An initial-boundary value problem for the multi-term time-fractional wave equation on a bounded domain is considered. For the largest and smallest orders of the involved Caputo fractional time-derivatives, \(\alpha \) and \(\alpha _m\), it is assumed \(1<\alpha <2\) and \(\alpha -\alpha _m\le 1\). Subordination principle with respect to the corresponding single-term time-fractional wave equation of order \(\alpha \) is deduced. Injectivity of the integral transform, defined by the subordination relation, is established. The subordination identity is used to prove uniqueness for a coefficient inverse problem for the multi-term equation, based on an analogous property for the related single-term one.

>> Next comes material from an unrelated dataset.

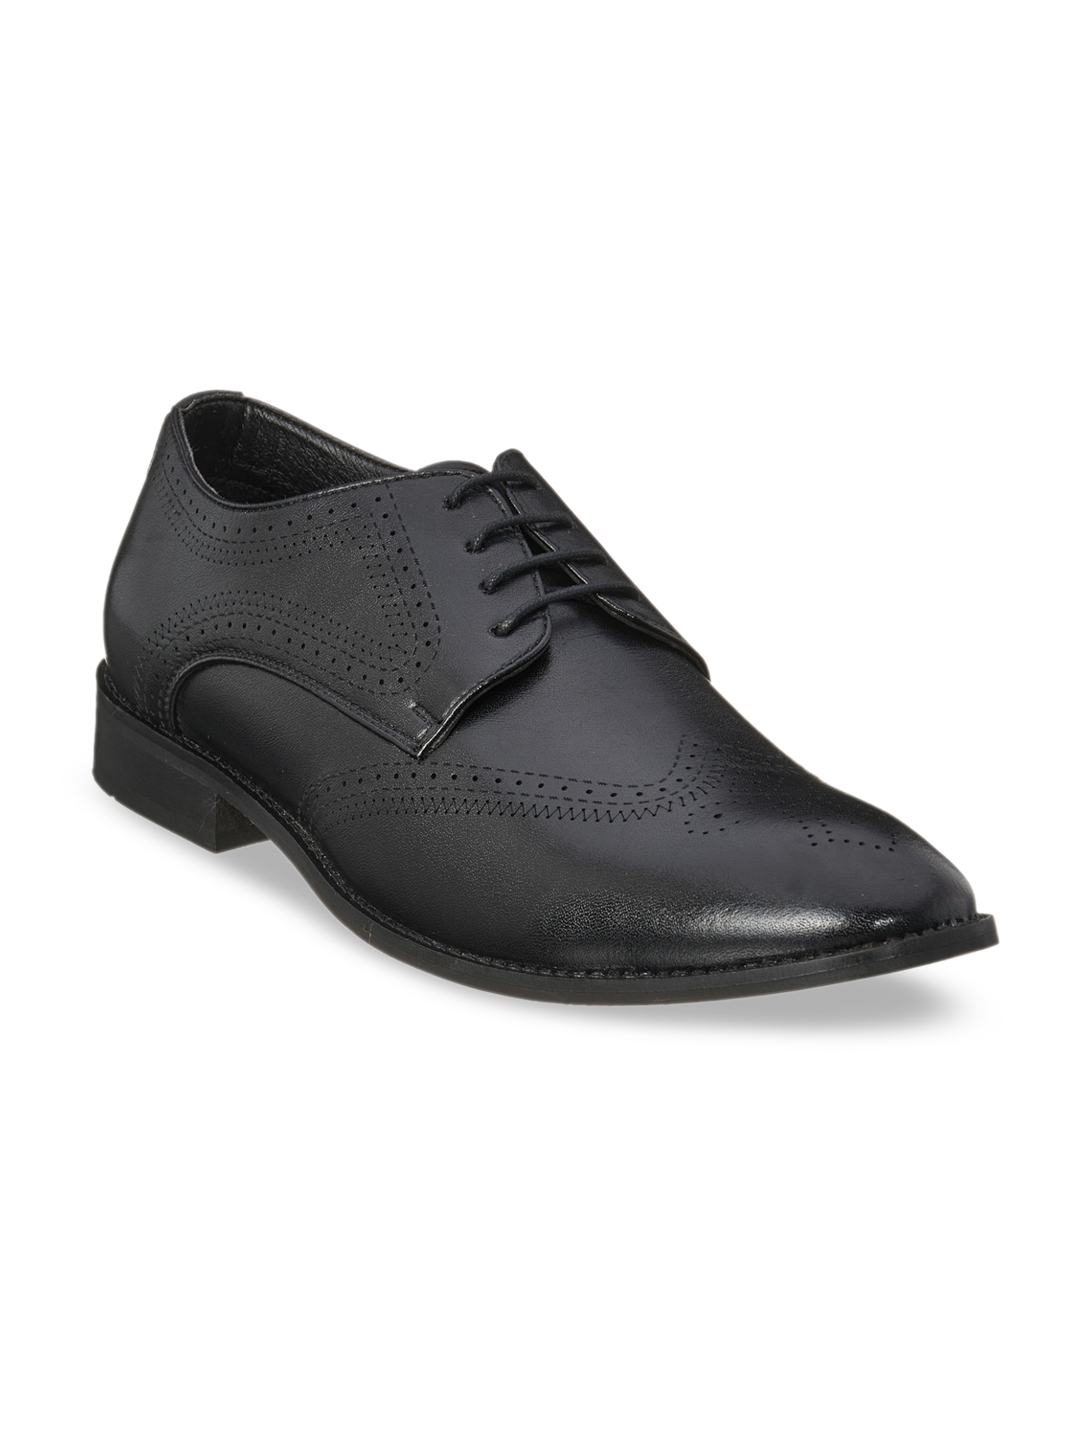 Buy Duke Men Black Solid Formal Derbys - Formal Shoes for Men 14372964 ...

In addition, the subordination relation is applied for deriving a regularity estimate.

考虑有界域上多项时间分数阶波动方程的初边值问题。对于所涉及的 Caputo 分数时间导数的最大和最小阶，\(\alpha \)和\(\alpha _m\)，假设\(1<\alpha <2\)和\(\alpha -\阿尔法_m\le 1\)。推导了对应的\(\alpha \)阶单项时间分数阶波动方程的从属原理。建立了由从属关系定义的积分变换的内射性。从属恒等式用于基于相关单项方程的类似性质来证明多项方程的系数反问题的唯一性。此外，应用从属关系来推导规律性估计。